WHAT THIS TASK INVOLVES:
When you repeat the entries below, please keep them exact and leave out the pictures.
━━━━━━━━━━━━━━━━━━━━━━━━━━━━━━
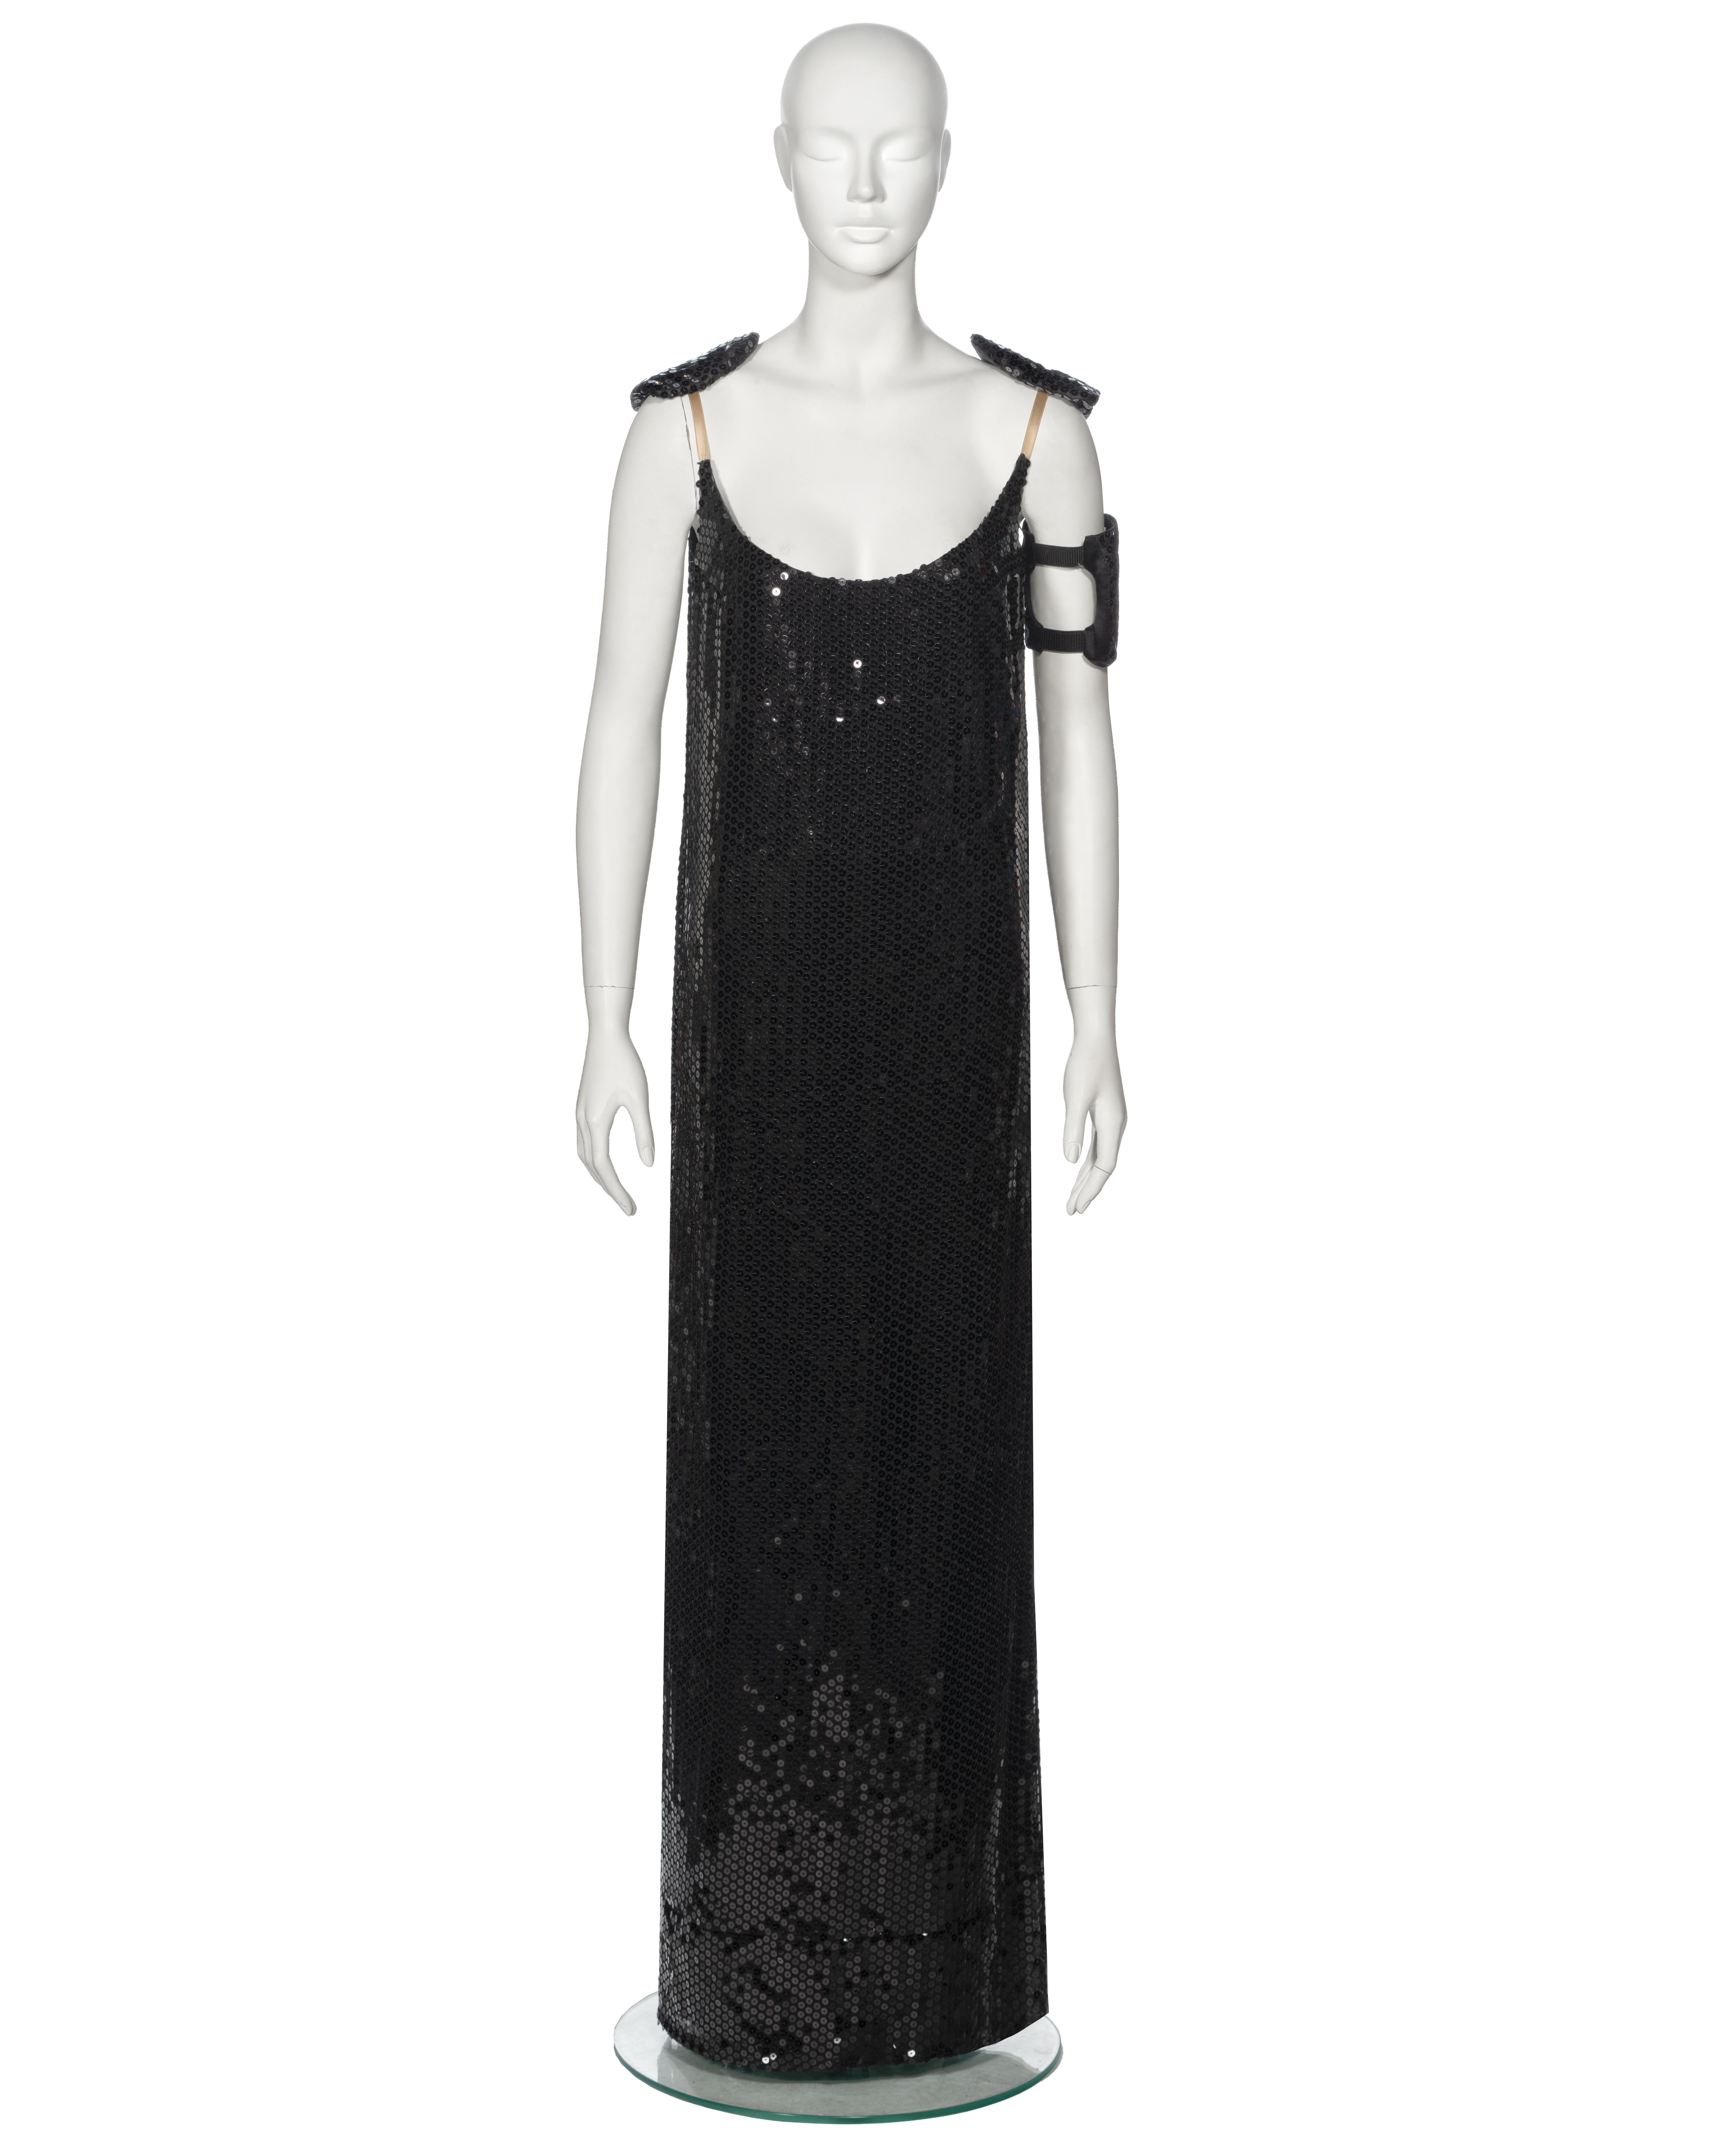 ▪ Archival Helmut Lang Evening Dress 
▪ Fall-Winter 1999
▪ Sold by One of a Kind Archive
▪ Museum Grade 
▪ Crafted from black sequin fabric 
▪ Features a straight cut, full-length design that falls to the floor
▪ Designed with a deep scoop
━━━━━━━━━━━━━━━━━━━━━━━━━━━━━━
THE COMPLETED TASK:
 ▪ Archival Helmut Lang Evening Dress 
▪ Fall-Winter 1999
▪ Sold by One of a Kind Archive
▪ Museum Grade 
▪ Crafted from black sequin fabric 
▪ Features a straight cut, full-length design that falls to the floor
▪ Designed with a deep scoop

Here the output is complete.